• Items listed in a dataset:
►

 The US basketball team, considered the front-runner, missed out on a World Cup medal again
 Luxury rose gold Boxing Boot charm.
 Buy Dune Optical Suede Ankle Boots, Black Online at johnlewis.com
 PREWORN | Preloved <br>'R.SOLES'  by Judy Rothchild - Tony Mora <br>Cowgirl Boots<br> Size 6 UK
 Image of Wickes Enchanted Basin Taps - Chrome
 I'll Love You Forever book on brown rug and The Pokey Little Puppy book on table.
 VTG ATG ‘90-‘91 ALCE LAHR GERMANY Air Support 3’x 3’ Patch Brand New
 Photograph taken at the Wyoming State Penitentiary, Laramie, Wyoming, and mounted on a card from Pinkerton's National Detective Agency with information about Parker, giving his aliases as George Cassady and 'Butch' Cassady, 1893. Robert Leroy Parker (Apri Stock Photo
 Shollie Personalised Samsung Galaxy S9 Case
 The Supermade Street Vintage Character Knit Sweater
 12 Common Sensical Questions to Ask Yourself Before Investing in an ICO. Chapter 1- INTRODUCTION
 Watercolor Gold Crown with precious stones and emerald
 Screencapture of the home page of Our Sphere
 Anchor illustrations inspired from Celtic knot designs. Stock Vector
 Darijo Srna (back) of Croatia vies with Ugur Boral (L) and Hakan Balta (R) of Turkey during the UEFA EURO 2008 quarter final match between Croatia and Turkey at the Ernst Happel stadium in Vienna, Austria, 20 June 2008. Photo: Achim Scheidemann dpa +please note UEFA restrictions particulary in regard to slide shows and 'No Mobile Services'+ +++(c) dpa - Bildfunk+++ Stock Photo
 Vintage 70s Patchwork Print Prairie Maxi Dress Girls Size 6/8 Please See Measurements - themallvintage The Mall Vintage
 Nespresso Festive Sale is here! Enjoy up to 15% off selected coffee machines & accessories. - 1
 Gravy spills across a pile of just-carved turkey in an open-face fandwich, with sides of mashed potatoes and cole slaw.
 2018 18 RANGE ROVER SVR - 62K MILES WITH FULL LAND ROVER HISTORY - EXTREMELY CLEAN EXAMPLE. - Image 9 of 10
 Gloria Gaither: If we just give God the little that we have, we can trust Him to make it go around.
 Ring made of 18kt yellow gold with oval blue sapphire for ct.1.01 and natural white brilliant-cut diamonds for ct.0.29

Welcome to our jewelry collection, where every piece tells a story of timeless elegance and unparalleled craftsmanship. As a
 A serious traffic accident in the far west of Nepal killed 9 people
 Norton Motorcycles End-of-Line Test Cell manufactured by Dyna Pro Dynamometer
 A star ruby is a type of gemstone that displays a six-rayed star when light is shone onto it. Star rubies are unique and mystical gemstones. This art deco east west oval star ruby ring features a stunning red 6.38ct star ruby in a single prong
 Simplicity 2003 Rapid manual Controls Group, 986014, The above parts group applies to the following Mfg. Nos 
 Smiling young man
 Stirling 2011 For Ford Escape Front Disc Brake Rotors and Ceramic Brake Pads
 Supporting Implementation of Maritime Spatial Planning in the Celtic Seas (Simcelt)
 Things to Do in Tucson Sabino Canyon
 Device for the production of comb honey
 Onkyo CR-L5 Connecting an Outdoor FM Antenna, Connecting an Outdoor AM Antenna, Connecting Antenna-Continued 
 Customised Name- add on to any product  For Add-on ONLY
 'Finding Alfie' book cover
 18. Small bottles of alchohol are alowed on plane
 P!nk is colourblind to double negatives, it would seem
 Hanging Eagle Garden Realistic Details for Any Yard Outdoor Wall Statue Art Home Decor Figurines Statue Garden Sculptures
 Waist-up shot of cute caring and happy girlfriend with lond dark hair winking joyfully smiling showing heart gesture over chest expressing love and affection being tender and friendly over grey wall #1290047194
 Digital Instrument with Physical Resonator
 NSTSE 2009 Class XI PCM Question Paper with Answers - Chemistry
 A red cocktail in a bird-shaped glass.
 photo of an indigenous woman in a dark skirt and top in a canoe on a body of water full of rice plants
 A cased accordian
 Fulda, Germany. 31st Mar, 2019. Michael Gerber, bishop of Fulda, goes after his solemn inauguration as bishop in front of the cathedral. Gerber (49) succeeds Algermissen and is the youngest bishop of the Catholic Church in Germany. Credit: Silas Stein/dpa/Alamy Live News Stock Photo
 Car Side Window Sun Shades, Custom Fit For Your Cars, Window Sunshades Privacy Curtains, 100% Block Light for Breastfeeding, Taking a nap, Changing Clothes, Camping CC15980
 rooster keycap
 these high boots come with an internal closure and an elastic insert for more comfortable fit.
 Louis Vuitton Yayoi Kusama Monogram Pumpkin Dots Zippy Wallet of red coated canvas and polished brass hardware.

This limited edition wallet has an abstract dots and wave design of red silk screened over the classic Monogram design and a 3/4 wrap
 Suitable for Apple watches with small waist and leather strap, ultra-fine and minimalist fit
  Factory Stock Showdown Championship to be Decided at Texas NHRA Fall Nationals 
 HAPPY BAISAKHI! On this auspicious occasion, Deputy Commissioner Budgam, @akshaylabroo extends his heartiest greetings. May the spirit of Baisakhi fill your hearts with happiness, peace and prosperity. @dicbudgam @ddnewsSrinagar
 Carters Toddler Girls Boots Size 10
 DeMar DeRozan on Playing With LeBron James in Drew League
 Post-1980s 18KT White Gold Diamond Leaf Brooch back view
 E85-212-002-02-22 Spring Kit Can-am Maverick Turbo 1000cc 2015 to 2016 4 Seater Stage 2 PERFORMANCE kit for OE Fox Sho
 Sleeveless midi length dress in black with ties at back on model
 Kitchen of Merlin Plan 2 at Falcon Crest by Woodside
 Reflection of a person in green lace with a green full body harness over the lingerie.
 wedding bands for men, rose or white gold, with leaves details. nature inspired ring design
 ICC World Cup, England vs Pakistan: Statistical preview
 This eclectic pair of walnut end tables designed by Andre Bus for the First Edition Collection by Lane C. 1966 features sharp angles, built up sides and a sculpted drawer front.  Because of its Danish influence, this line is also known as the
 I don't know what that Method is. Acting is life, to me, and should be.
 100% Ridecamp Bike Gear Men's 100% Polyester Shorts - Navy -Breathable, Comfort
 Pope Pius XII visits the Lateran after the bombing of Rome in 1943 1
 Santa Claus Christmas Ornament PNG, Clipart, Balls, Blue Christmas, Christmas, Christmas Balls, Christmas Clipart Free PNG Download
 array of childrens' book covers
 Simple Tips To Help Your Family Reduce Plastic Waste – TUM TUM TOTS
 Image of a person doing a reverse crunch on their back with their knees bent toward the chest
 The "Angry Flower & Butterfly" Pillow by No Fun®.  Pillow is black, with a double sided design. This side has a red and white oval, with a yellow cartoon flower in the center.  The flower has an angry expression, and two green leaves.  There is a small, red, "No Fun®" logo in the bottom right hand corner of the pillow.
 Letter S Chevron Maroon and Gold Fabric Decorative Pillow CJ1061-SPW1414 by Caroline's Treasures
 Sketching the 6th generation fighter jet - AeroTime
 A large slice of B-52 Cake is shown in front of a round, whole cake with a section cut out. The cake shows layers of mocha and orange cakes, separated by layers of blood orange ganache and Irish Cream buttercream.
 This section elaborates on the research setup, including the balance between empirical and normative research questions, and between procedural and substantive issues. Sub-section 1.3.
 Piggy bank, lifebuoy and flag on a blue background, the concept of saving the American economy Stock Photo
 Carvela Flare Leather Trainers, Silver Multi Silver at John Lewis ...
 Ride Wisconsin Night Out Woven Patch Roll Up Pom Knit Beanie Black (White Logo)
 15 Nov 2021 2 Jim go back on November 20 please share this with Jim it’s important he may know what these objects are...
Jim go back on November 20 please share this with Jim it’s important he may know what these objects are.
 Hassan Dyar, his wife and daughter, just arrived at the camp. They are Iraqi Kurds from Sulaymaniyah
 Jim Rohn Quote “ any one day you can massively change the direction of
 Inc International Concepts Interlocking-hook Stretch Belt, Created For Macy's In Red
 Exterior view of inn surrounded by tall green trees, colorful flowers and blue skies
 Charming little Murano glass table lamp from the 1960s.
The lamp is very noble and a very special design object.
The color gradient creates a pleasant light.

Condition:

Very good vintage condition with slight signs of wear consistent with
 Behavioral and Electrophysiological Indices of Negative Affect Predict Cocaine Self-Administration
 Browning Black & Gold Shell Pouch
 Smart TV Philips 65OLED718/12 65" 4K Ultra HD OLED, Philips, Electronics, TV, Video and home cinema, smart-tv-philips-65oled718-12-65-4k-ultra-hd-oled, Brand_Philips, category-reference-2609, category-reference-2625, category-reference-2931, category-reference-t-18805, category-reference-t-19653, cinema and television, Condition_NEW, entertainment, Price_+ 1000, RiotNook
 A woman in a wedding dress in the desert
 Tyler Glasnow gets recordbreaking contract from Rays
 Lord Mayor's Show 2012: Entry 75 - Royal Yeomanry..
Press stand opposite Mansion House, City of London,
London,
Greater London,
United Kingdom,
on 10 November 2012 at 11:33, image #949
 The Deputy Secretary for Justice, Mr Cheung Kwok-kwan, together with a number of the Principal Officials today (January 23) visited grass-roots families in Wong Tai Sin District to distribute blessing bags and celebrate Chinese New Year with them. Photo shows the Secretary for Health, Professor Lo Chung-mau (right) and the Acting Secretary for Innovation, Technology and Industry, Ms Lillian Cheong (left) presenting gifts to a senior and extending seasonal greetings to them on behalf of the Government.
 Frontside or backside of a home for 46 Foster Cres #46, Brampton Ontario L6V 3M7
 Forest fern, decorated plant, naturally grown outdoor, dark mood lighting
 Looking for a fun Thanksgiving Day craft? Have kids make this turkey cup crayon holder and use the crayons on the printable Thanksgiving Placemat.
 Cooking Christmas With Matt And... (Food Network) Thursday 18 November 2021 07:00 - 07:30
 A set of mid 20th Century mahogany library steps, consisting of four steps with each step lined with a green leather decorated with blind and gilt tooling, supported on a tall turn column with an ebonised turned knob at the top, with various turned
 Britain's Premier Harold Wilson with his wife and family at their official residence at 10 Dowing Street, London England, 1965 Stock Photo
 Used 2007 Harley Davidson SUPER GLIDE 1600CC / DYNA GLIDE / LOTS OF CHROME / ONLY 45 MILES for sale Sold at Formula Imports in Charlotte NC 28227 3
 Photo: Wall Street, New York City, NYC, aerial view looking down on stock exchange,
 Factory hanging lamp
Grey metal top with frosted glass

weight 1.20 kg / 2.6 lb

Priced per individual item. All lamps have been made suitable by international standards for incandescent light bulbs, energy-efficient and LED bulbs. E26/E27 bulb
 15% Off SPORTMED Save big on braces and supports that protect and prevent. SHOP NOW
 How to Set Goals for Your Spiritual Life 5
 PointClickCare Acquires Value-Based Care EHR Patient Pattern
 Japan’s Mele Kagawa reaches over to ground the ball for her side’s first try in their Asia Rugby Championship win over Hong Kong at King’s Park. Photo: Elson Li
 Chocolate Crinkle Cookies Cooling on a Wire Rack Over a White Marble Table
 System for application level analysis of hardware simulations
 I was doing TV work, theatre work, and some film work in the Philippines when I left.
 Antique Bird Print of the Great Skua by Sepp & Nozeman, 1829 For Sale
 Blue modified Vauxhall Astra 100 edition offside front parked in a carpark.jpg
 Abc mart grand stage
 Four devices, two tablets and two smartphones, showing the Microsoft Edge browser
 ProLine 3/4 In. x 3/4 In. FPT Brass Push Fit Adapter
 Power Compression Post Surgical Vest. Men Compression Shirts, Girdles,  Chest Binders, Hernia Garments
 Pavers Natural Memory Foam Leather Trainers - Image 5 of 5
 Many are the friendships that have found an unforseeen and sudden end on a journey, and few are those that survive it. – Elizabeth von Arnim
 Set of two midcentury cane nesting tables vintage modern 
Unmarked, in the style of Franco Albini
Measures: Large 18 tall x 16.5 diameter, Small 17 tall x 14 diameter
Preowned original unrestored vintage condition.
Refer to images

◄

Print again the lines of the entries above that fall between the line holding "15 Nov 2021" and the line holding "Charming little Murano", inclusive, exactly as they stand.

• Solved exercise:
 15 Nov 2021 2 Jim go back on November 20 please share this with Jim it’s important he may know what these objects are...
Jim go back on November 20 please share this with Jim it’s important he may know what these objects are.
 Hassan Dyar, his wife and daughter, just arrived at the camp. They are Iraqi Kurds from Sulaymaniyah
 Jim Rohn Quote “ any one day you can massively change the direction of
 Inc International Concepts Interlocking-hook Stretch Belt, Created For Macy's In Red
 Exterior view of inn surrounded by tall green trees, colorful flowers and blue skies
 Charming little Murano glass table lamp from the 1960s.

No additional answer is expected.